The markets have been volatile through February; however, SIP flows remained resilient. Leading brokerage house Nuvama said continue to be positive on key Asset Management Companies given the facts as resilient SIPs would help volume growth even as markets continued to consolidate. 

Nuvama highlighted that they preferred HDFC AMC, Nippon Life India Asset Management (NAM) and CAMS as top investment picks in the space. Nuvama has set target  of Rs 3,620 for HDFC AMC. This implies upside of almost 50% from current levels. 

For CAMS, Nuvama has a target price of Rs 850, indicating almost 26% upside potential and Rs 1,130 has been set as target for Nippon Life India Asset Management. This suggests potential upside of 32% for NAM. 
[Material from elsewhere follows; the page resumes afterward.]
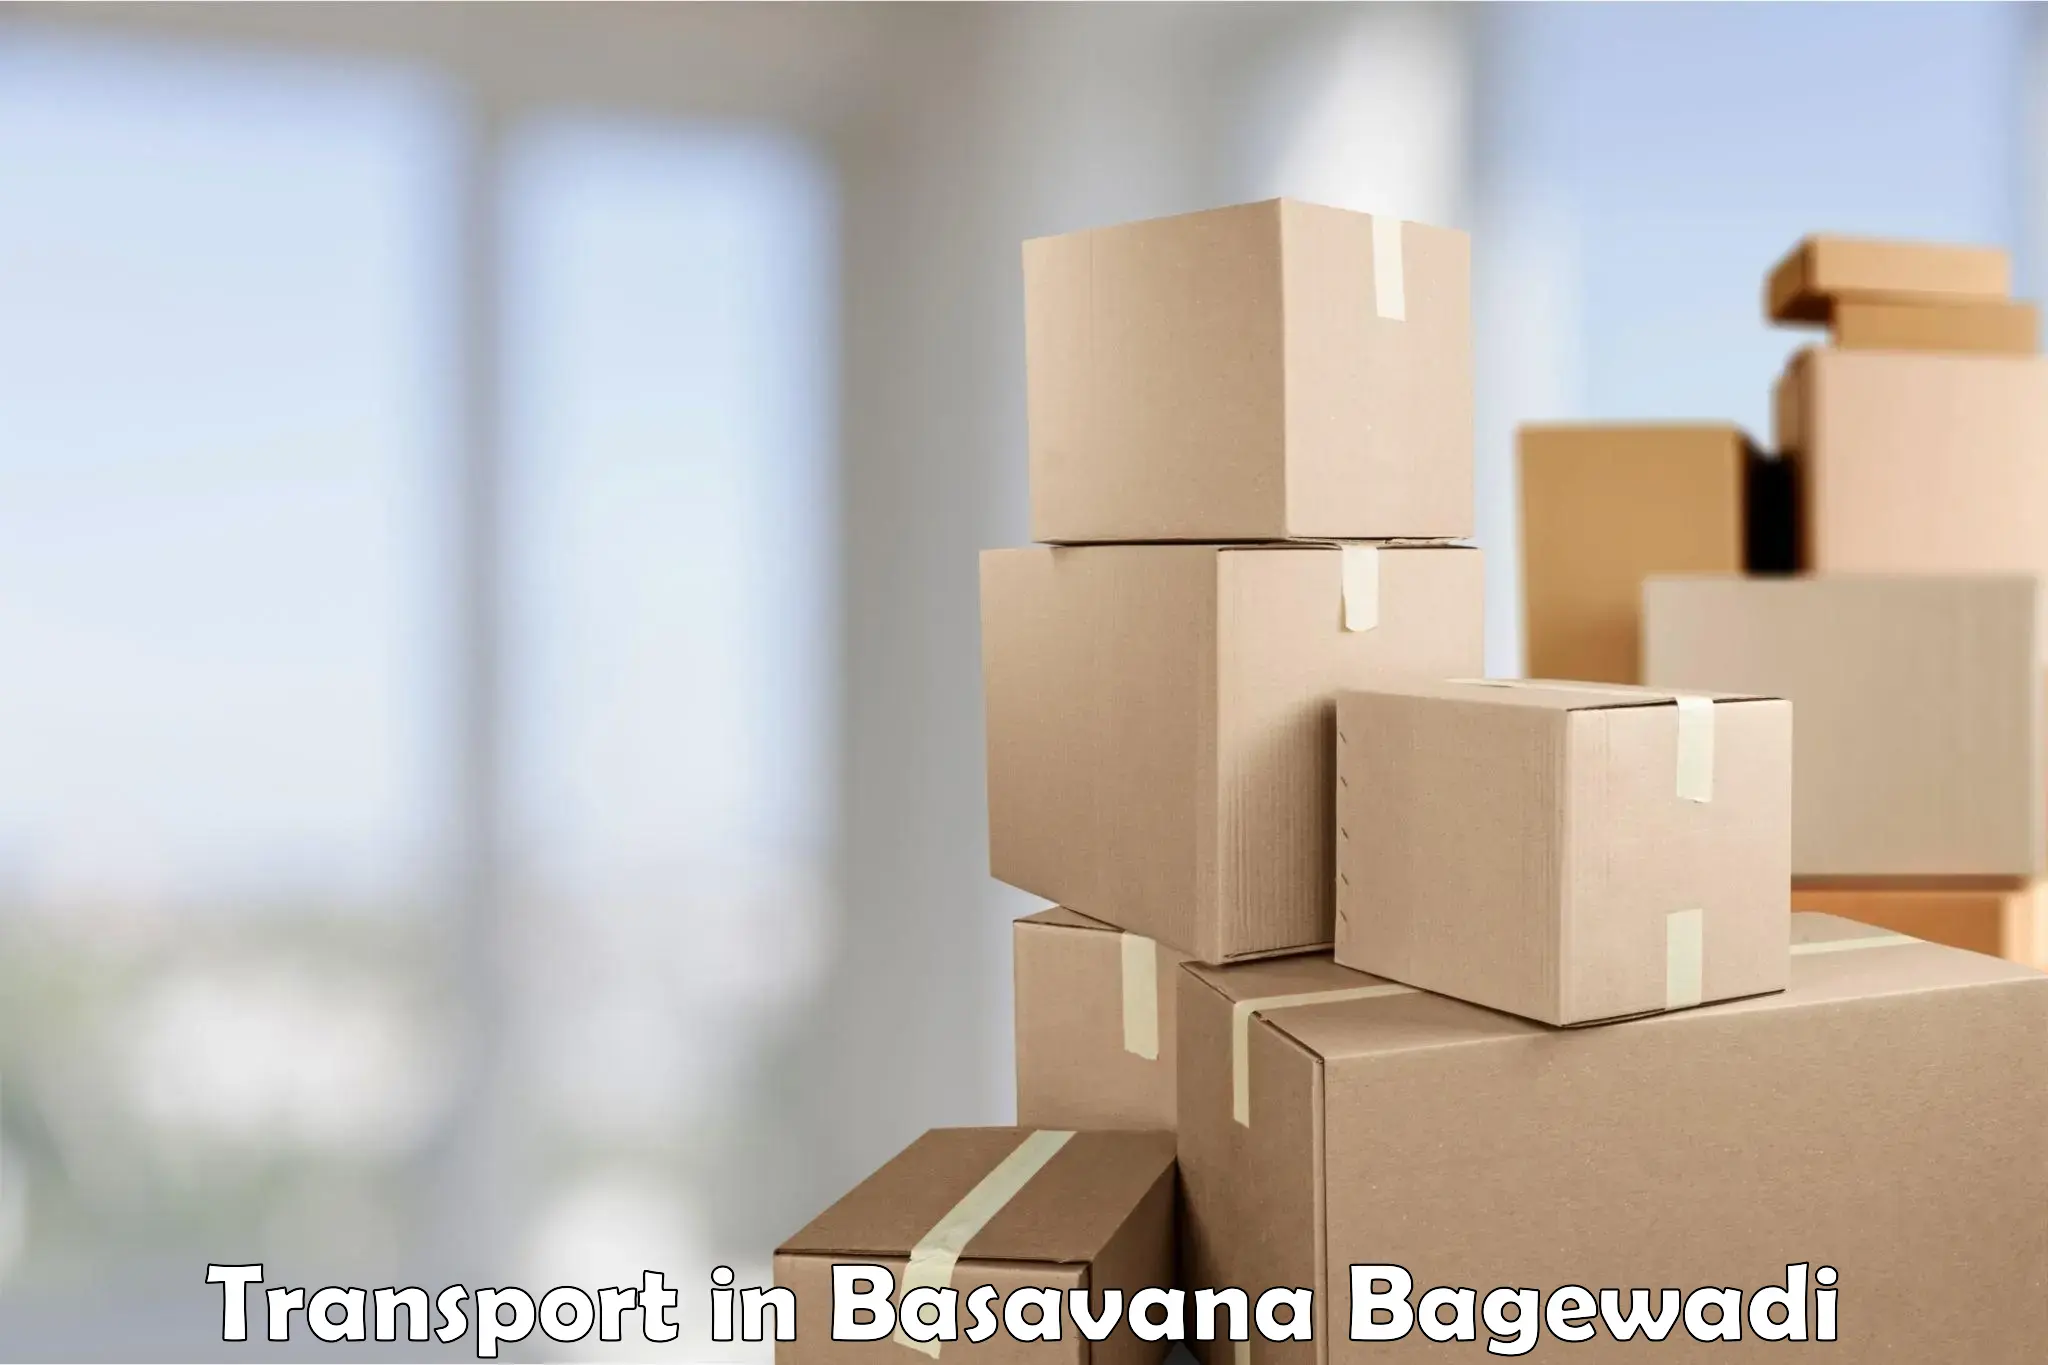 Daily parcel service transport in Basavana Bagewadi

Here is a detailed analysis of Nuvama’s investment rationale behind these specific stock picks – 

Equity inflows in February

The report by Nuvama noted that SIP supported the inflows in active equity mutual funds. 

Active equity mutual funds recorded net inflows of Rs 37,600 crore in February 2026, a 2.1% decline month-on-month. SIP contributed Rs 29,900 crore, which were down 3.7% from the previous month, and lumpsum investments of Rs 7,760 crore, which rose 4.6% month-on-month.
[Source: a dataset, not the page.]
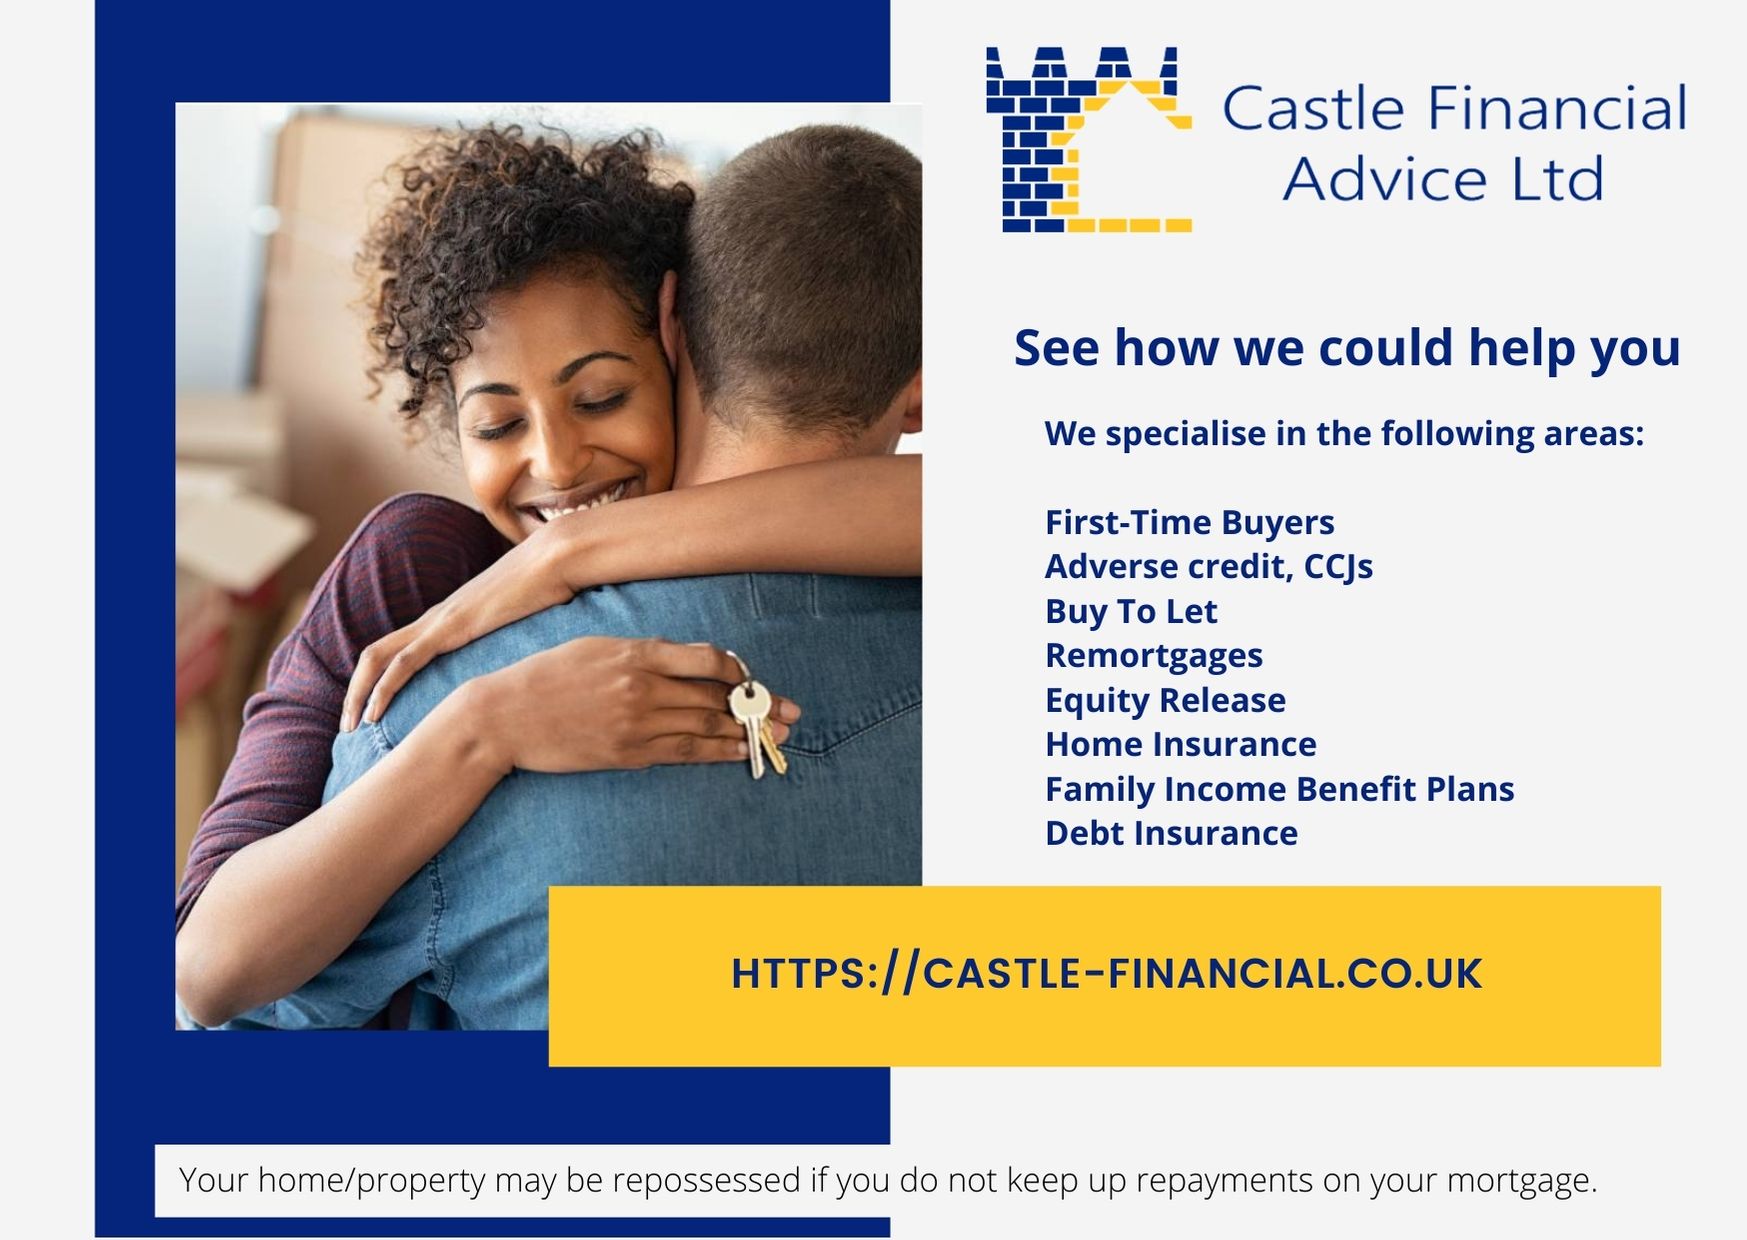 Castle Financial Advice Ltd

Inflows through existing equity schemes stood at Rs 33,600 crore, falling 10.6% from January, while new fund offers (NFOs) attracted Rs 4,000 crore. During the month, nine active equity NFOs were launched.

For the financial year so far, active equity funds have received net inflows of Rs 4.1 trillion, although this is 11.3% lower compared to the same period last year. SIP investments alone contributed Rs 3.2 trillion, while lumpsum investments stood at Rs 91,600 billion.

Category-wise flows

Among equity categories, large and midcap funds attracted the largest share of inflows at 24.6%. Flexi-cap funds accounted for 18.4%, while small-cap funds received 10.3% of the total active equity inflows. Thematic funds made up 7.9% of the net inflows.

Market performance remained mixed during the month. The Nifty 50 declined 0.56% in February, while the Nifty Midcap 150 Index rose 1.7% and the Nifty Smallcap 250 Index gained 0.75%.

Due to the weak market-to-market impact, active equity assets under management (AUM) grew only 1.6% month-on-month to Rs 44.4 trillion.

Passive fund inflows fall sharply

Nuvama’s report highlighted that passive funds, including ETFs and index funds (excluding overseas funds of funds and gold funds), saw net inflows of Rs 1.396 trillion in February, marking a 65.3% drop from the previous month.

However, passive NFO inflows surged 704.3% month-on-month to Rs 3.8 billion, supported by the launch of 11 new funds compared with five in January.

Meanwhile, gold and overseas funds of funds recorded inflows of Rs 62 billion, down 75.3% from the previous month. Arbitrage funds posted net inflows of Rs 6 billion, compared with Rs 33 billion in January.

Debt funds see continued outflows

Debt mutual fund schemes category recorded outflows of Rs 8,900 billion in February, marking the third straight month of withdrawals.

In contrast, liquid funds witnessed strong inflows of Rs 51,300 during the month.

Conclusion
Nuvama noted that inflows fell slightly in February but that is mainly because markets were volatile. It added that the resilience in SIP flows continues to support the mutual fund industry’s growth despite the market consolidation.

Disclaimer: This article provides factual analysis only and is not, and should not be construed as, an offer, solicitation, or recommendation to buy or sell securities. Investors must conduct their own independent due diligence and seek advice from a SEBI-registered financial advisor.